Открывает глаза. Агнет…
— Агни?
— Да, Рих, я, что тебе снилось? Ты стонал во сне. Тебе плохо?
Сама еще сонная и растрепанная она гладит его по щеке и голове, заглядывает участливо в глаза.
— Нет…нет, я в порядке. Просто сон. Приснилось плохое, — он тяжело опускается обратно на постель и тут же Агнет обнимает его, закидывает ногу ему на ноги.
— Тебе снятся кошмары? — она смотрит на него, подпирая голову ладонью.
— Хуже. Мне снятся вещие сны, — гитарист криво усмехается.
— Ого. Правда? Они сбываются? — у нее в глазах тут же вспыхивает игривый интерес — думает, что он травит ей очередную байку.
— Правда, — сам не знает, зачем говорит ей это, но она снова улыбается.
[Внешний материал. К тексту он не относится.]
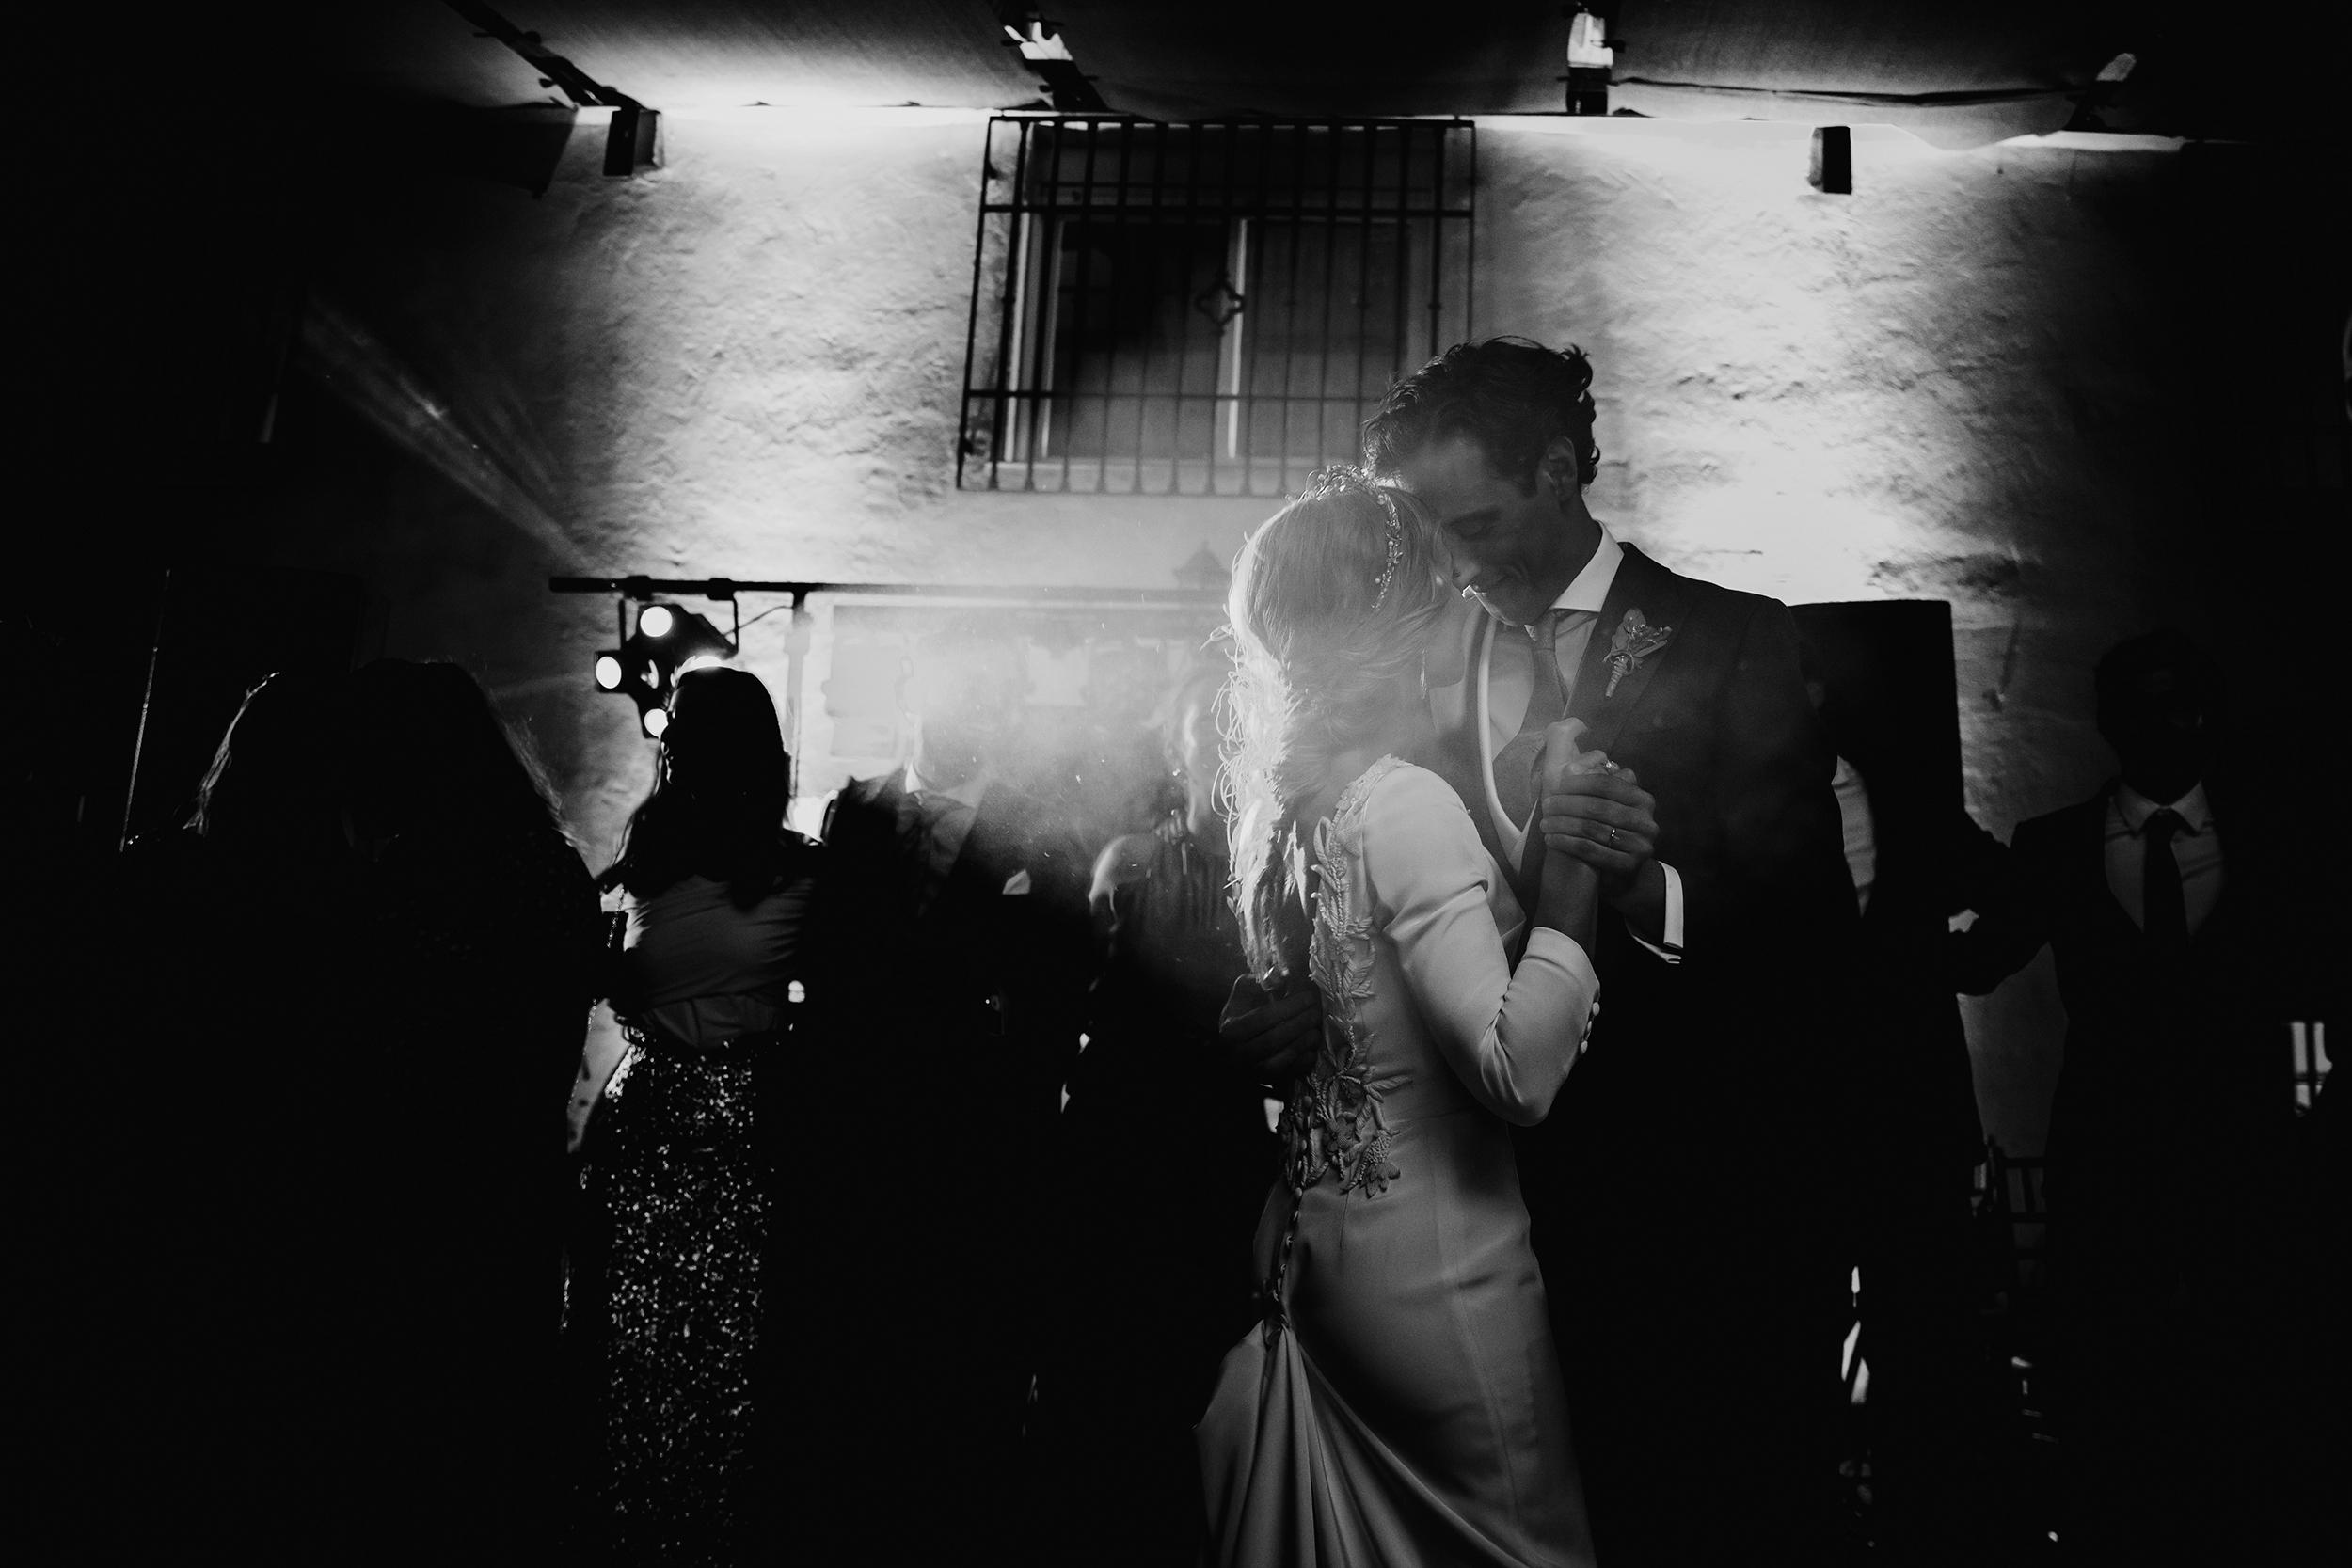 fotografo-bodas-granada-catedral-sagrario-jose-reyes_084.jpg

— Значит… Ты предсказатель?
— Нет, скорее… Какой-то экстрасенс-недоучка. Предсказатели вроде как гадают на чем-то… — он сам усмехается, понимая комичность ситуации. Скажи правду и тебе не поверят. Вот и она не верит — улыбается, смотрит хитренько, ведет пальчиком ему от уха по шее на грудь, затем уже всеми легонько царапает живот.
— Экстрасекс, говоришь? Сейчас мы это проверим, — тянется к его лицу, улыбается и он ей в ответ тоже.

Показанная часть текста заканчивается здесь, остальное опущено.